Update sky.launch to direct thread output to separate files, preventing interleaved logs in the controller's run.log.
Adjust the logic in stream_logs_by_id or sky jobs logs 1 --controller to avoid relying on get_latest_task_id_status, ensuring that each task’s run.log outputs fully and independently.

…ueue each node once

…uture cancellation policy discussion.

andylizf · 2024-10-28T05:04:00Z

Finished implementing the initial TODOs:

TODOs:

Update sky.launch to direct thread output to separate files, preventing interleaved logs in the controller's run.log.

Adjust the logic in stream_logs_by_id or sky jobs logs 1 --controller to avoid relying on get_latest_task_id_status, ensuring that each task’s run.log outputs fully and independently.

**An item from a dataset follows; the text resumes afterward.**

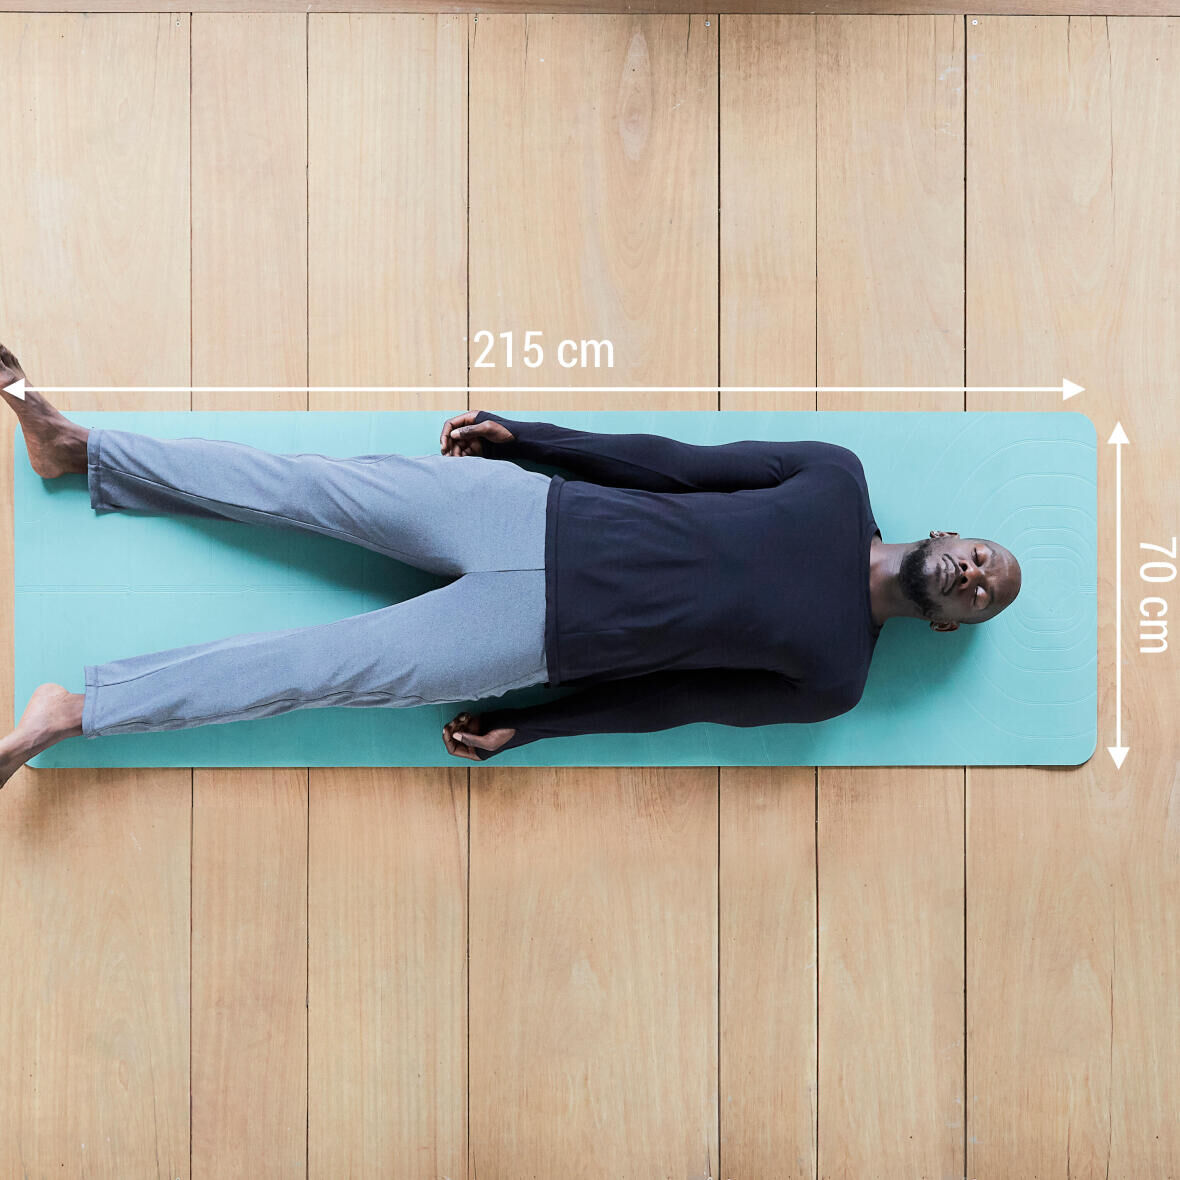 5mm Yoga Mat XL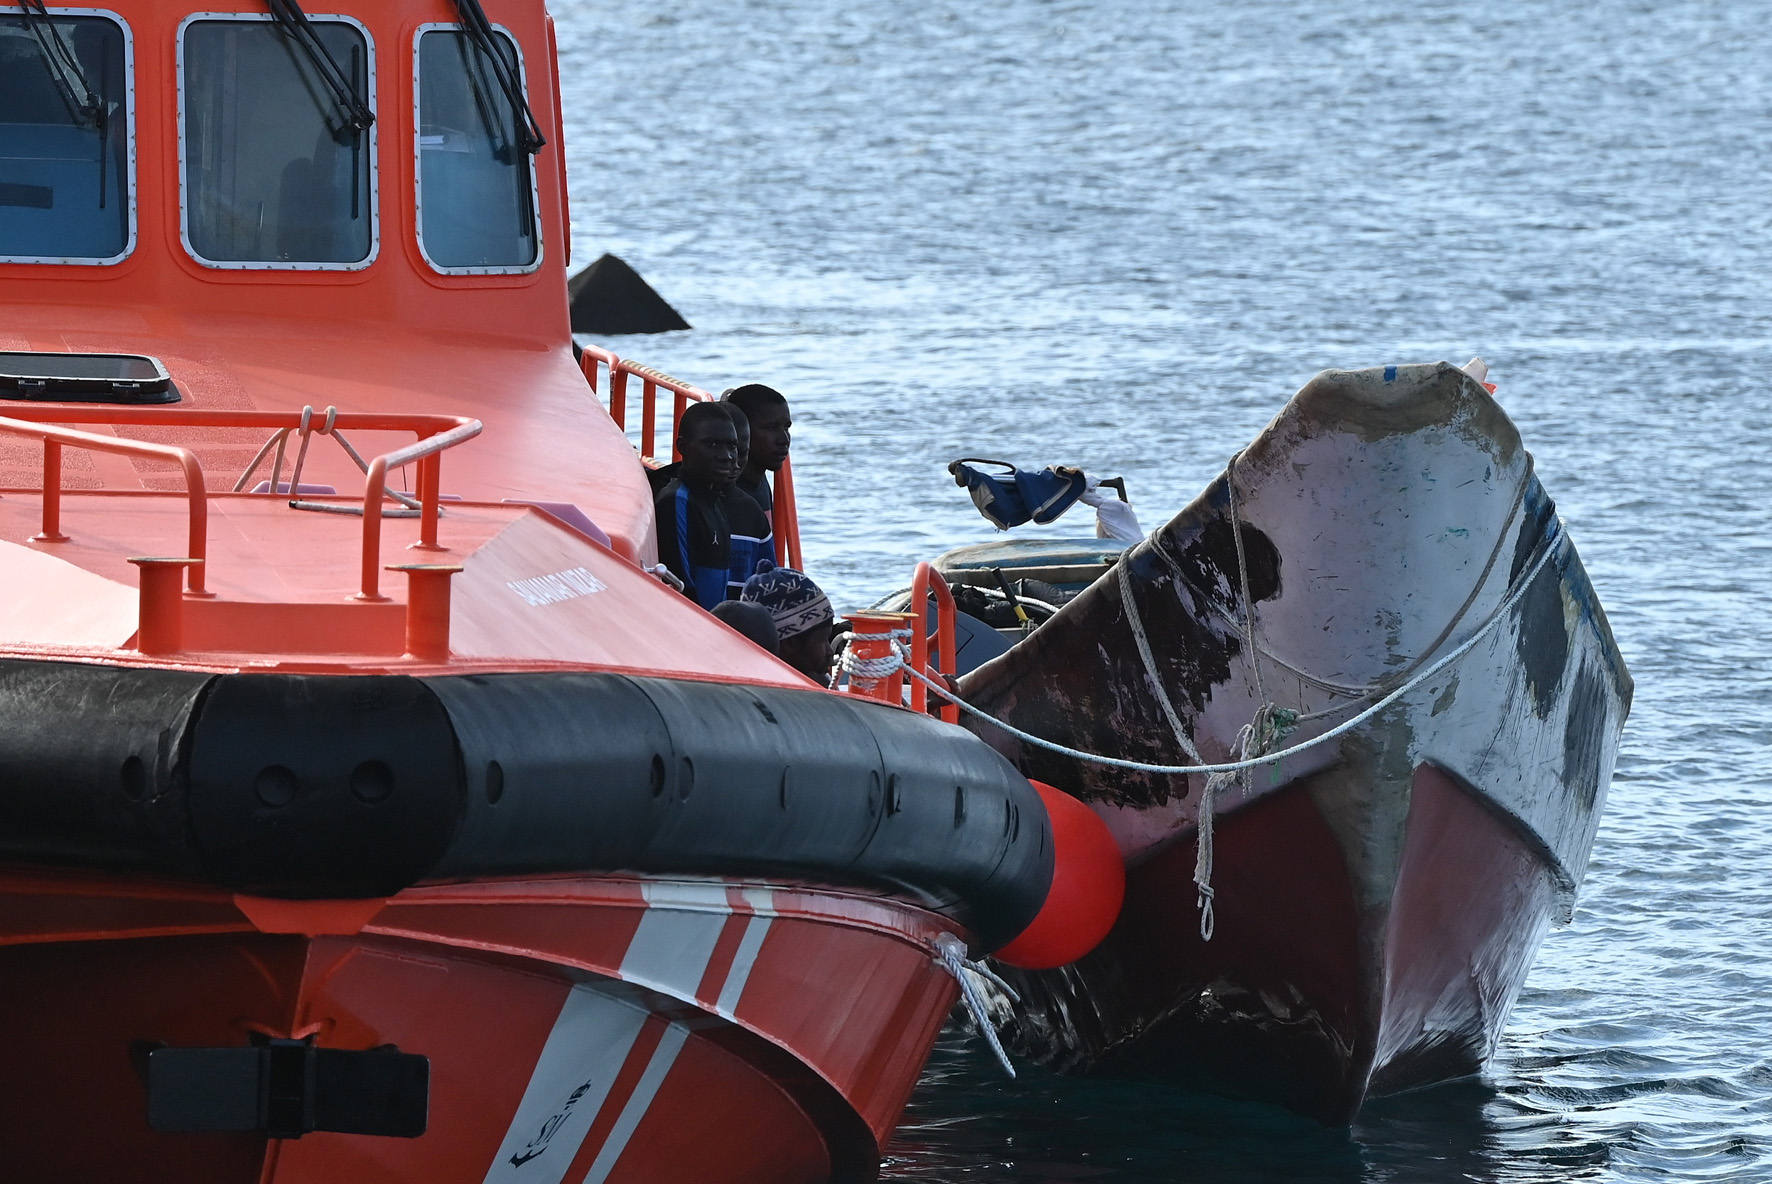 Salvamento Marítimo rescata a 106 inmigrantes a bordo de 2 embarcaciones en aguas cercanas a El Hierro

However, there are two remaining issues to be addressed:

Controller-side cluster's launch logs accessibility: Currently, logs like ~/sky_logs/sky-2024-10-28-04-14-45-846061/task_3_launch.log are only available on the controller machine and can only be accessed remotely.
Cluster-side task run log persistence: As demonstrated in the example where task 0's logs are no longer available after completion, we need to implement proper log retention for completed tasks.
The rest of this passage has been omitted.